MASKELİ DEPRESYON KENDİNİ NASIL BELLİ EDİYOR?
İnsan bedenen sağlıklı olduğu halde, kendini hasta hissedip bir hastalığın tüm ağrılarını çekebilir mi? Yani gerçekte fiziksel bir hastalığı olmadığı halde, fiziksel yakınmalarla hastaneye başvurabilir mi? Evet, böyle bir tablo olabiliyor.
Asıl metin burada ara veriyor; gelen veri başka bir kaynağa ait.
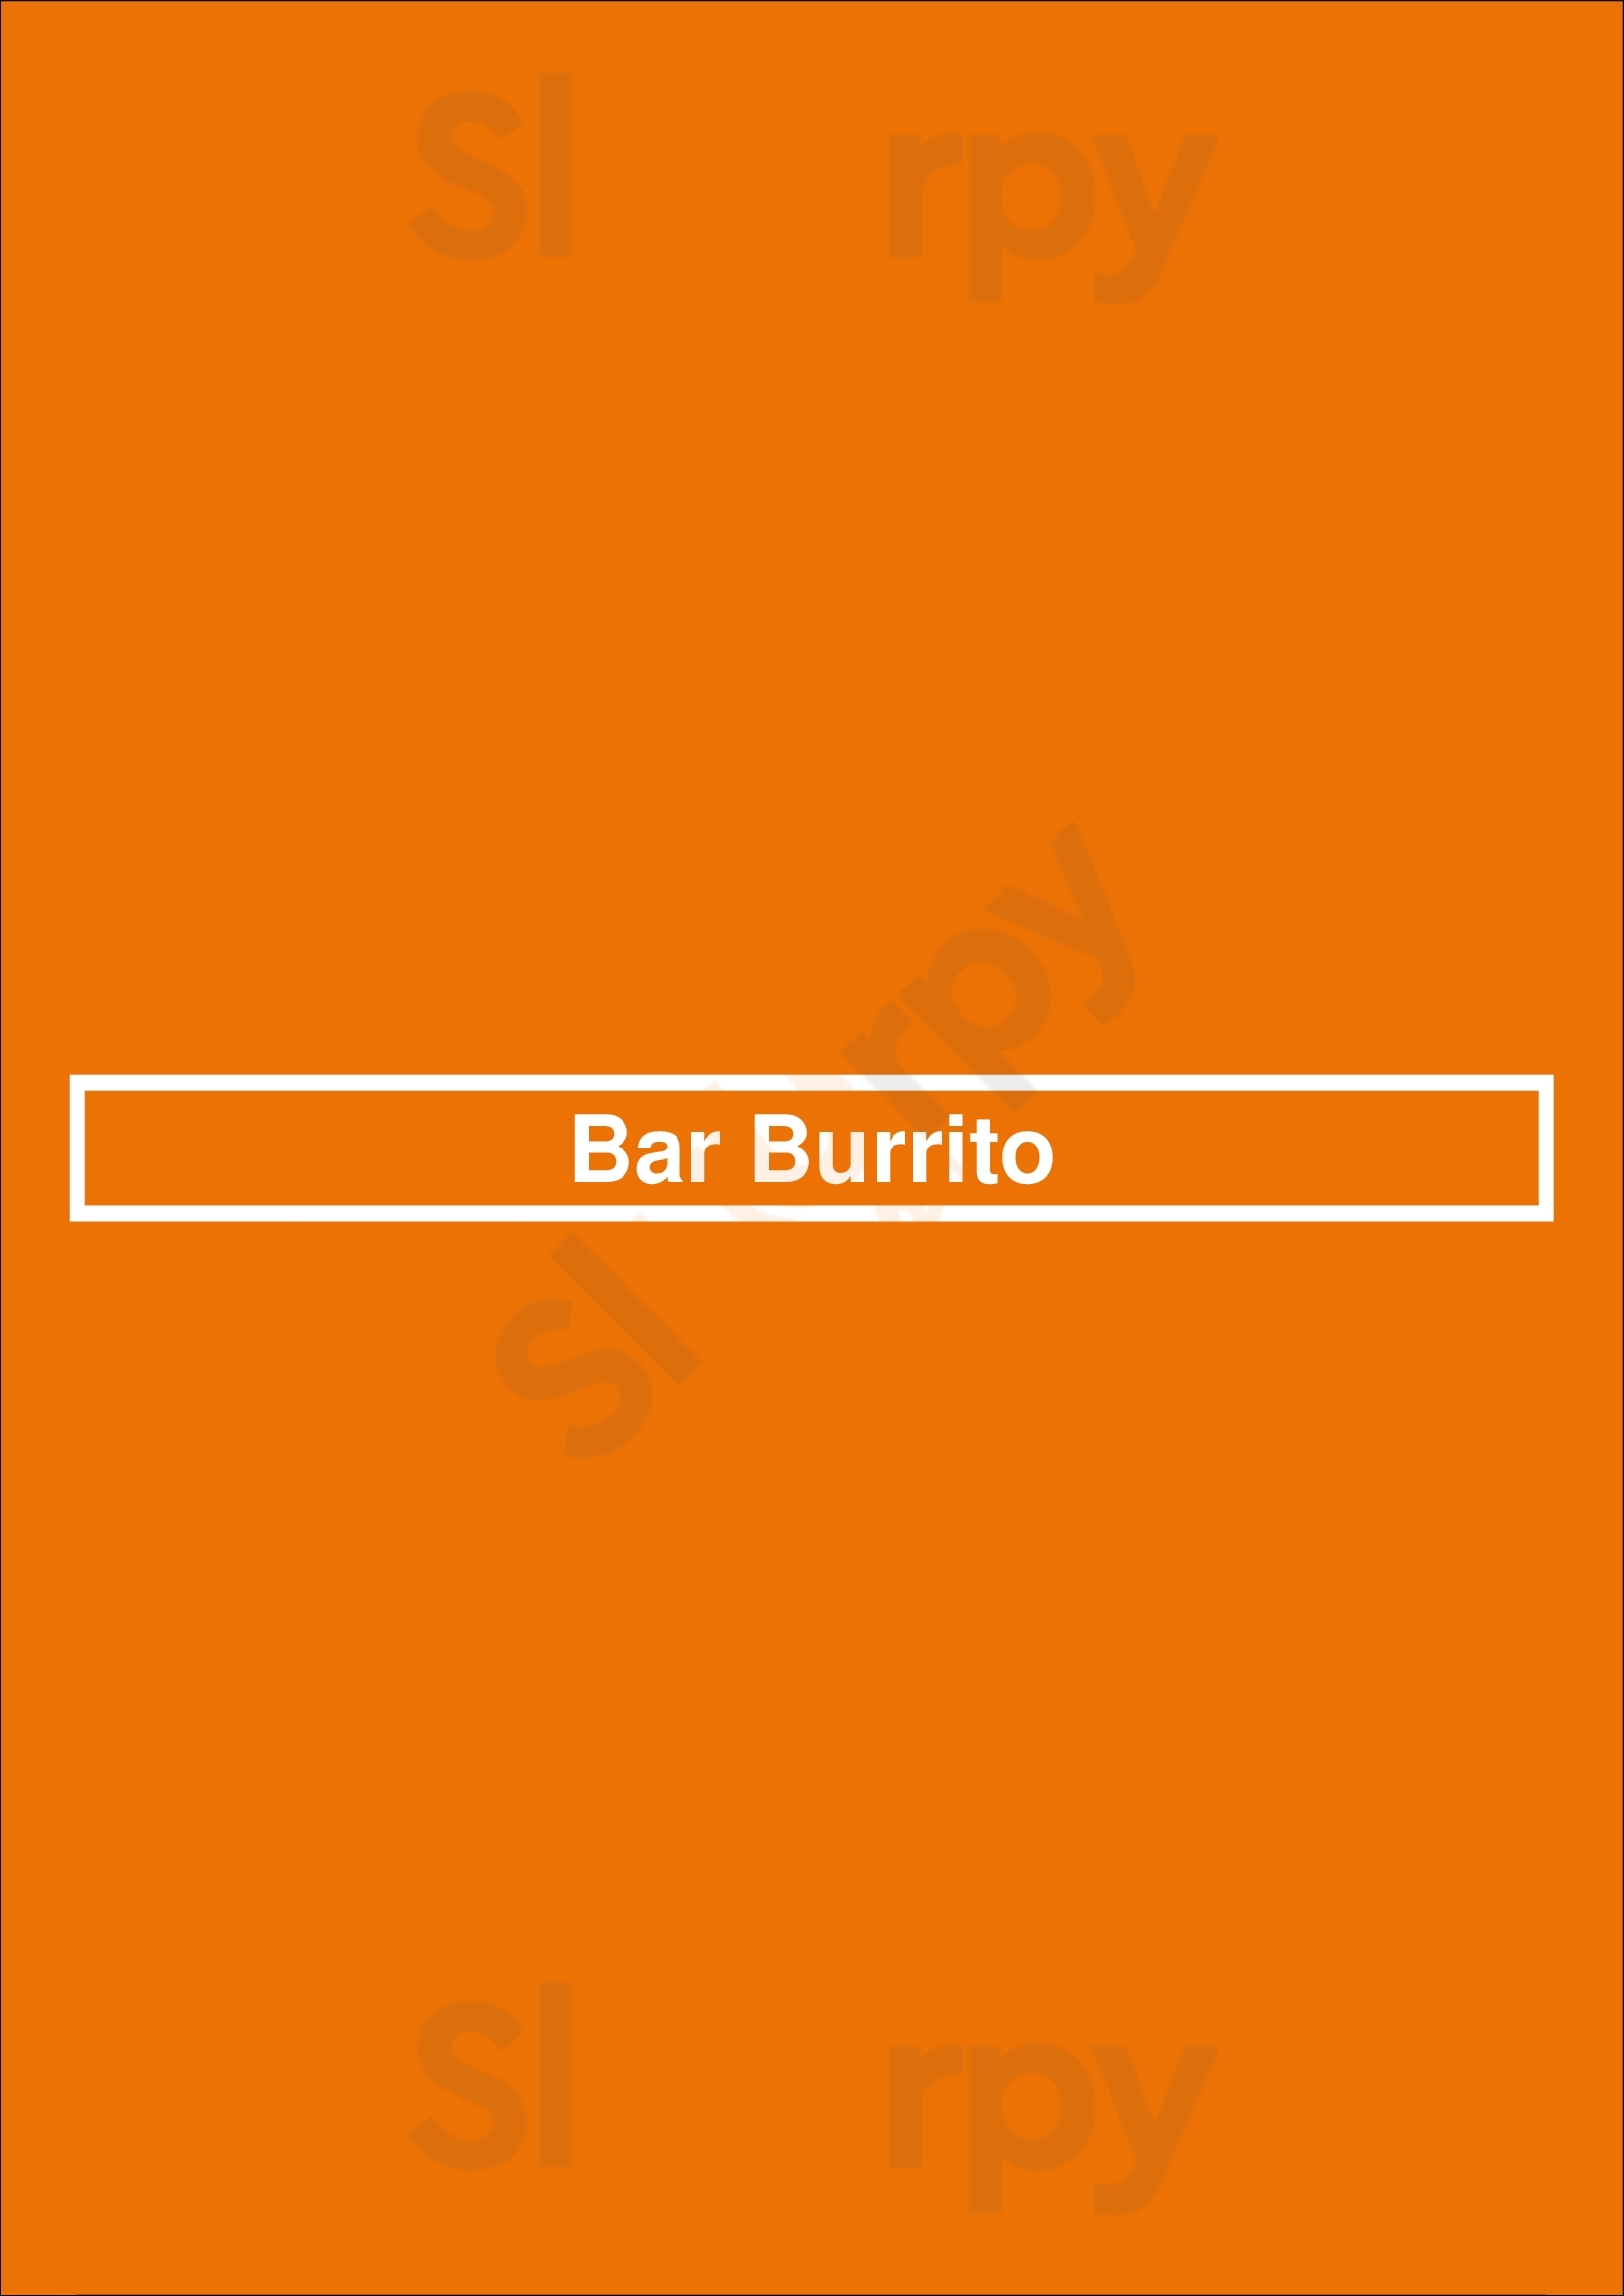 Bar Burrito Waterloo Menu - 1

Özellikle öfkesini bastıran kişilerde görülen maskeli depresyon normal depresyondan farklı olarak ruhsal sıkıntılar yerine fiziksel belirtilerle kendini gösteriyor. Örneğin kronik bel veya baş ağrısı, mide ve bağırsak ile sıkıntılar (ishal, kabızlık, şişkinlik, gaz), baş dönmesi, başta ağırlık gibi baş bölgesi ile sıkıntılar, nefes darlığı, nefesin yetmemesi, kalpte sıkışma, kalp atışlarının hızlanması, kaslarda ve eklemlerde ağrı olabiliyor. Bu şekilde kendini gösteren bedensel sıkıntıların altında ruhsal problemlerin yatabiliyor. Maskeli depresyonda beyindeki seratonin salınımı azalıyor, bu nedenle kişi kendini mutsuz, halsiz, çaresiz ve değersiz hissetmeye başlıyor. Seratonin hormonu ağrı kesici özelliği var… Seratonin salınımı azaldığı zaman insanların ağrıları artıyor. Maskeli depresyondaki ağrılar bununla ilgili…
NASIL ANLAŞILIYOR?
Kadınlarda erkeklere göre daha çok yaşanan maskeli depresyon daha çok orta yaş ve ileri yaşlarda daha sık görülüyor. Maskeli depresyona sahip kişiler genellikle fiziksel şikâyetleri için hekime başvuruyor ve ilaç tedavisine alınıyor ama depresyonda oldukları anlaşılamıyor. Hekimler vücudun çeşitli yerlerindeki ağrı ve sızılardan dolayı depresyon tanısını koyamadığı gibi ruhsal bir sorun olduğunu da fark edemiyor. Eğer hekim fiziksel şikâyetleri açıklayacak bir durum tespit edemezse ve maskeli depresyon konusunda bilgiliyse, kişiye ruh haliyle ve kendini nasıl hissettiğiyle ilgili sorular sorabiliyorsa, onun maskeli depresyonda olduğu anlayabiliyor ve bir terapiste veya psikiyatri uzmanına sevk edebiliyor. Ancak çoğu zaman fiziksel belirtilerin ön planda olduğu maskeli depresyonda kişi depresyona girdiği bilincine sahip olamıyor. Fiziksel belirtiler özellikle sabah saatlerinde ortaya çıkmakla birlikte, kişide genel bir yorgunluk hali ve keyifsizlik olarak görülüyor. Diğer depresyon çeşitlerinin aksine, maskeli depresyon kişinin sosyal çevresinden uzaklaşmasına, ikili ilişkilerinde sorun yaşamasına ve yalnızlaşmasına neden olmuyor. Bu nedenle tanı koymak zor oluyor.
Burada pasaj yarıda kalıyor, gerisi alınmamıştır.